In the records below, find the line containing "D Aquino, A: Commendatore", then copy that line and all lines after it, exactly, omitting every picture.
▬▬▬▬▬▬
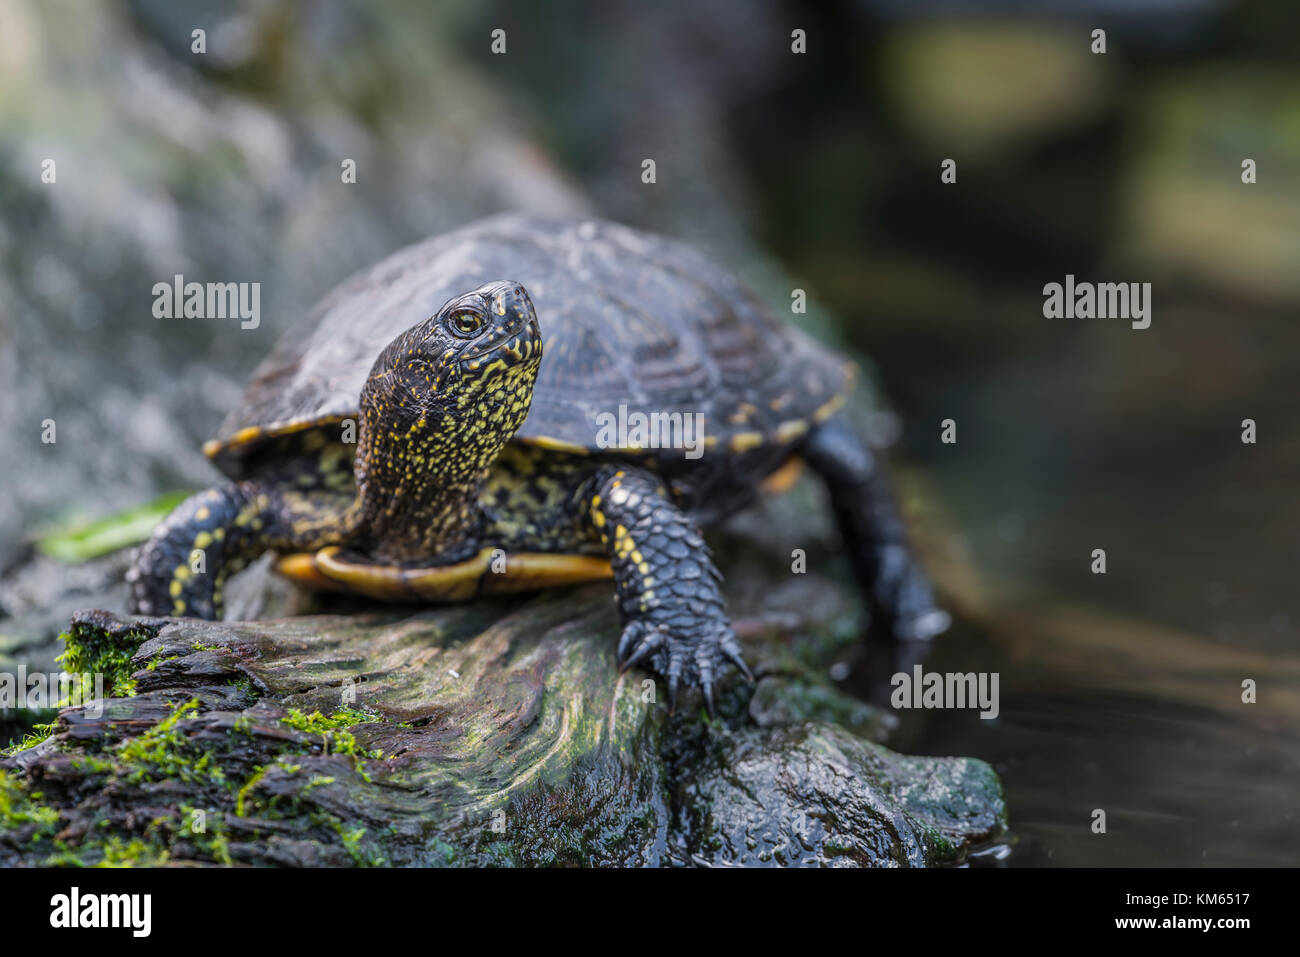 Europaeische Sumpfschildkroete, Emys orbicularis, European pond turtle Stock Photo
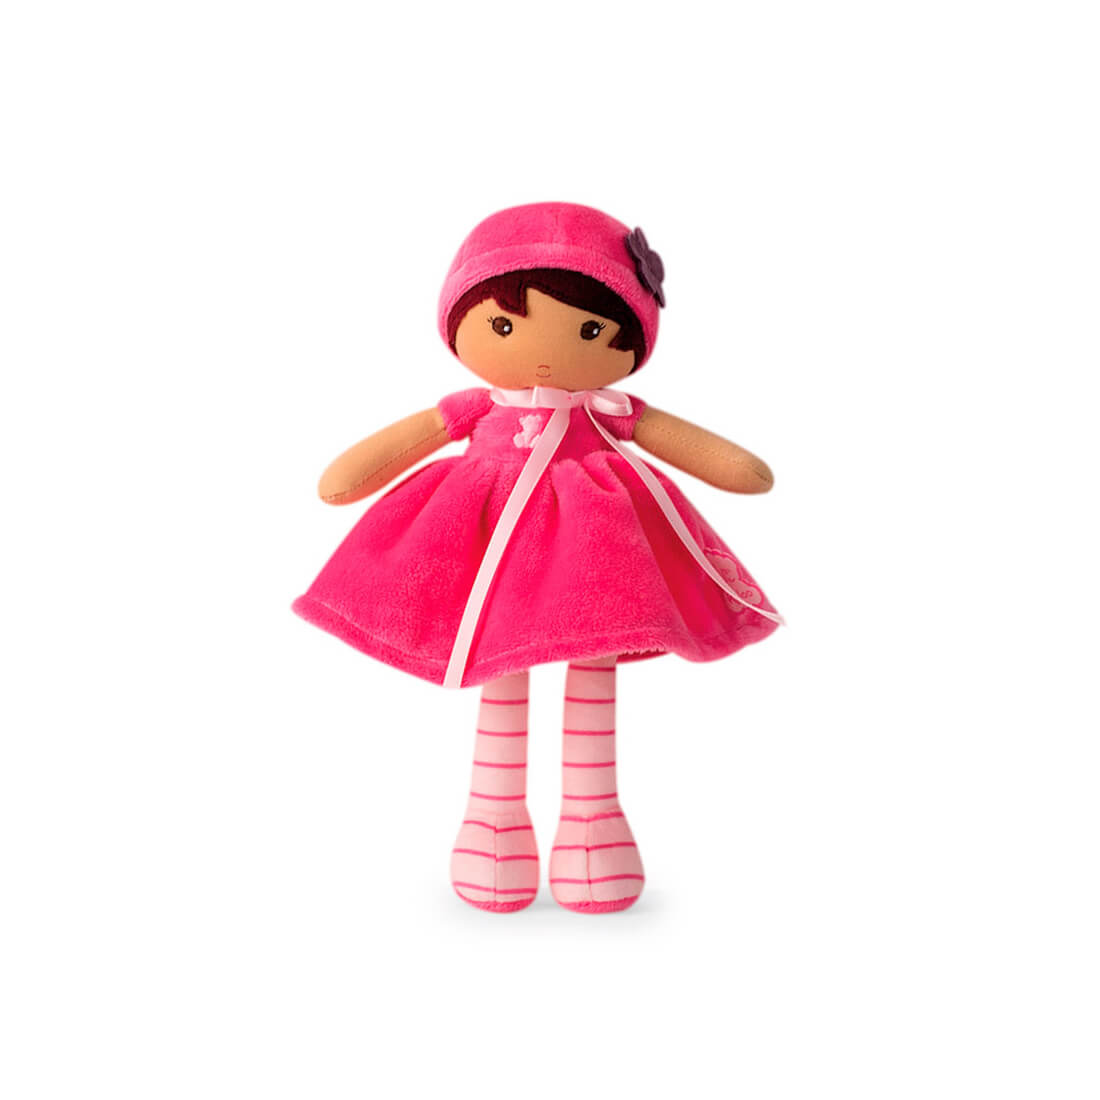 Текстильная кукла Kaloo "Emma", в розовом платье, серия "Tendresse de Kaloo", 25 см - фото №1
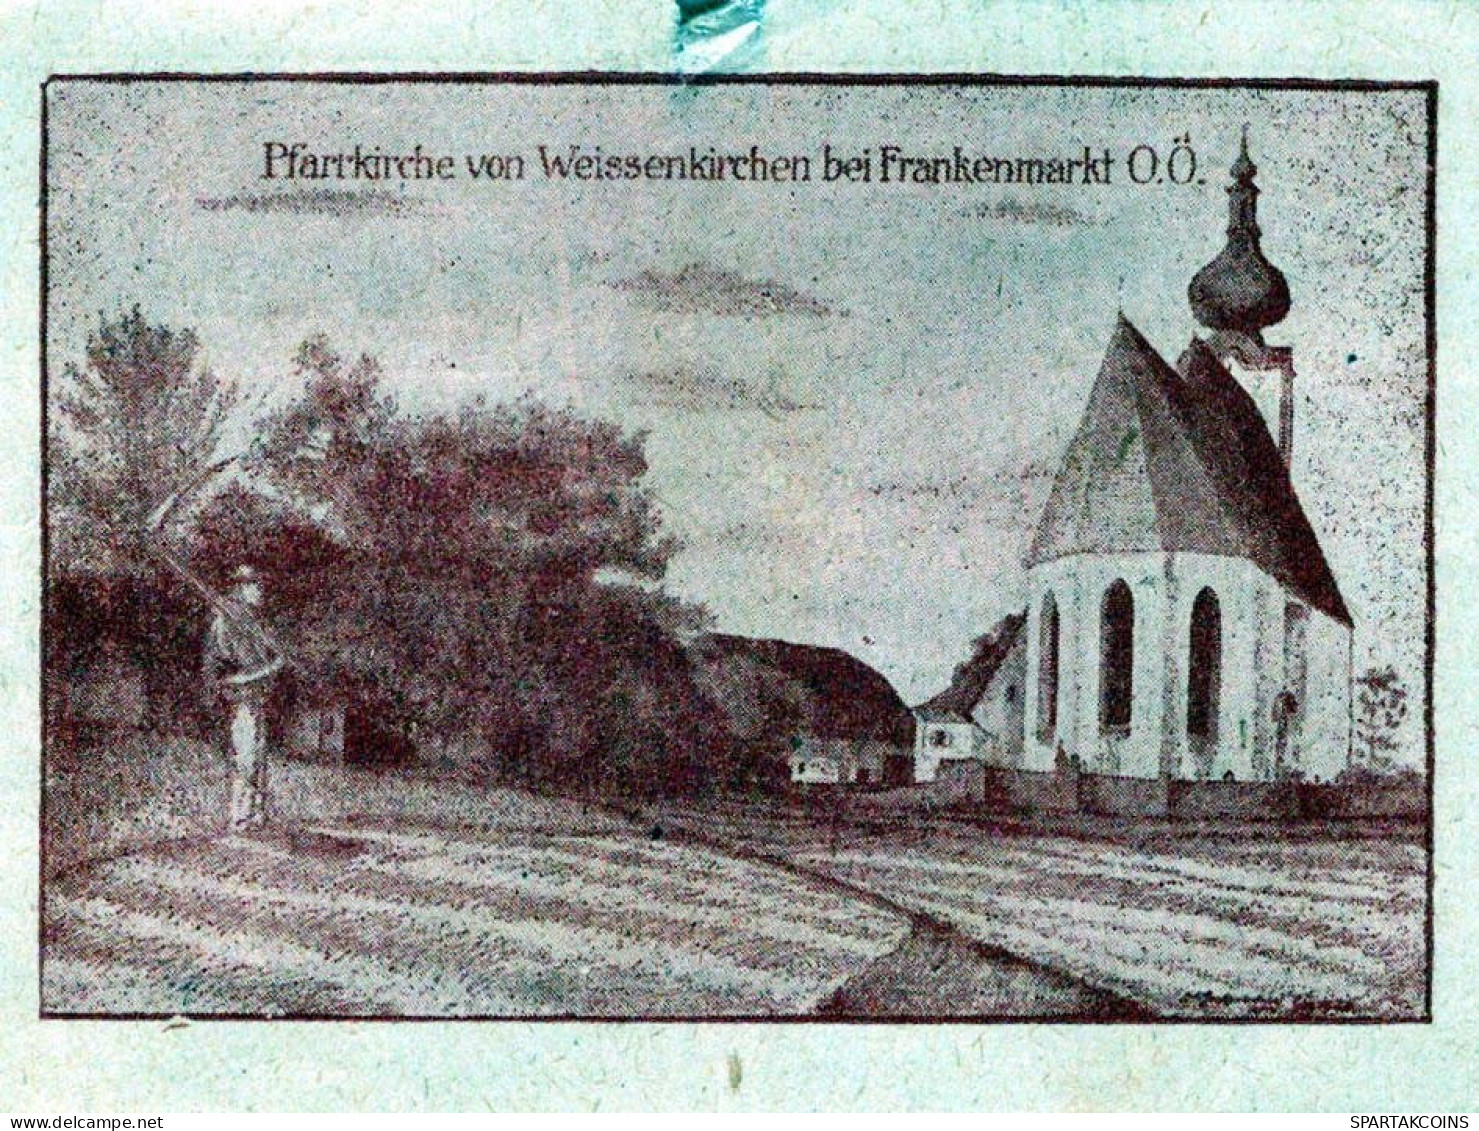 20 HELLER 1920 WEISSENKIRCHEN BEI FRANKENMARKT Oberösterreich Österreich #PI394 - [11] Lokale Uitgaven
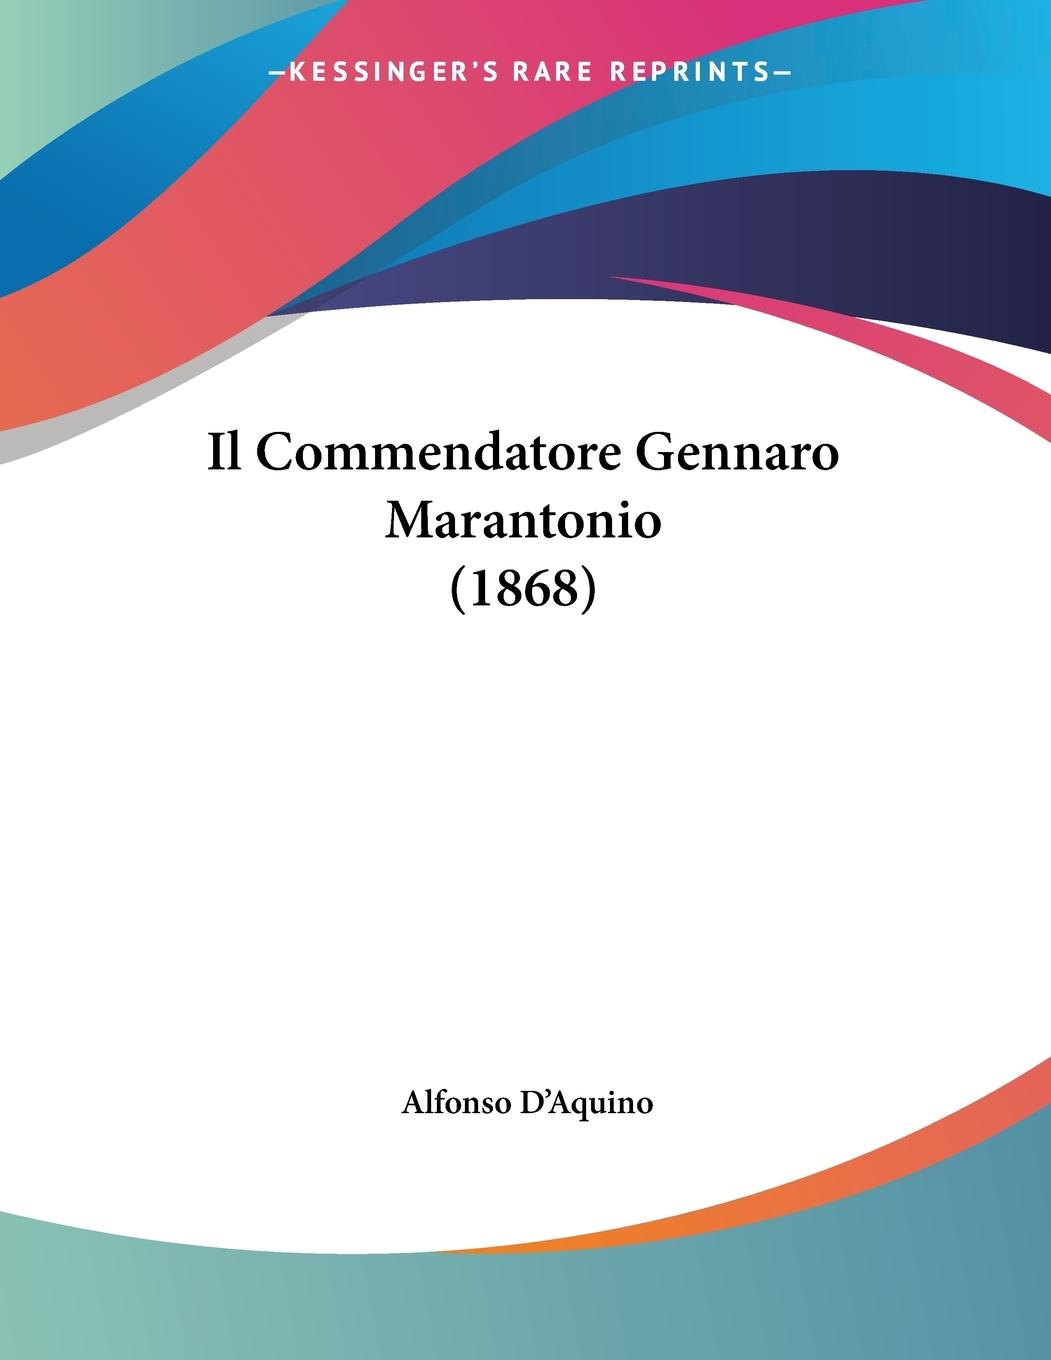 D Aquino, A: Commendatore Gennaro Marantonio (1868) - D Aquino, Alfonso
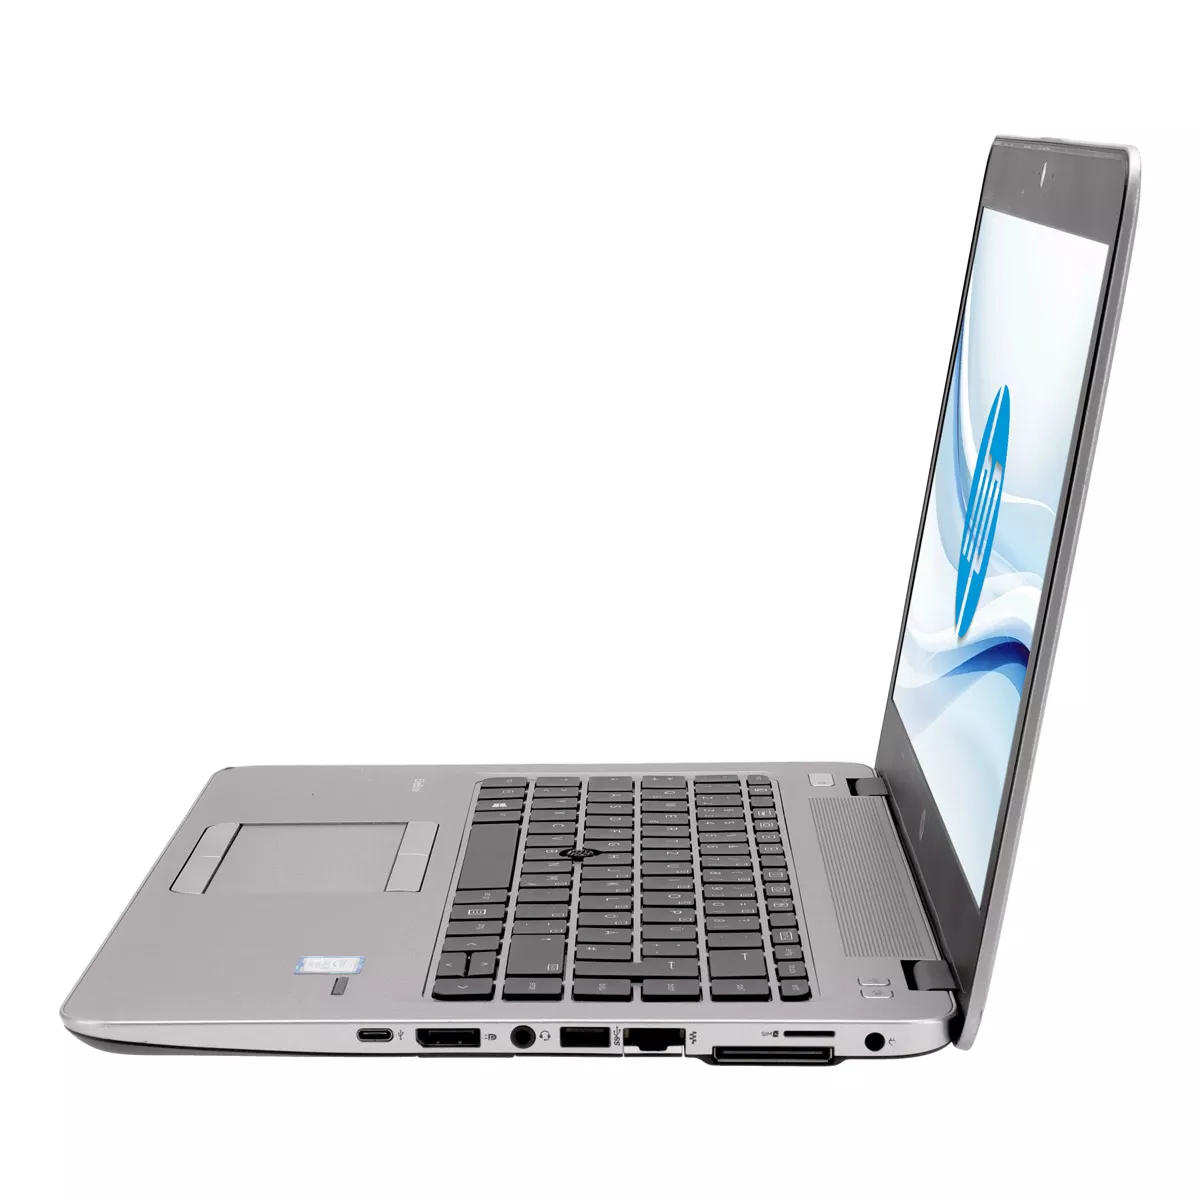 HP EliteBook 840 G4 Core i5 7300U Full-HD 240 GB M.2 SSD Webcam A
▬▬▬▬▬▬
**Your solution:**
 D Aquino, A: Commendatore Gennaro Marantonio (1868) - D Aquino, Alfonso
 HP EliteBook 840 G4 Core i5 7300U Full-HD 240 GB M.2 SSD Webcam A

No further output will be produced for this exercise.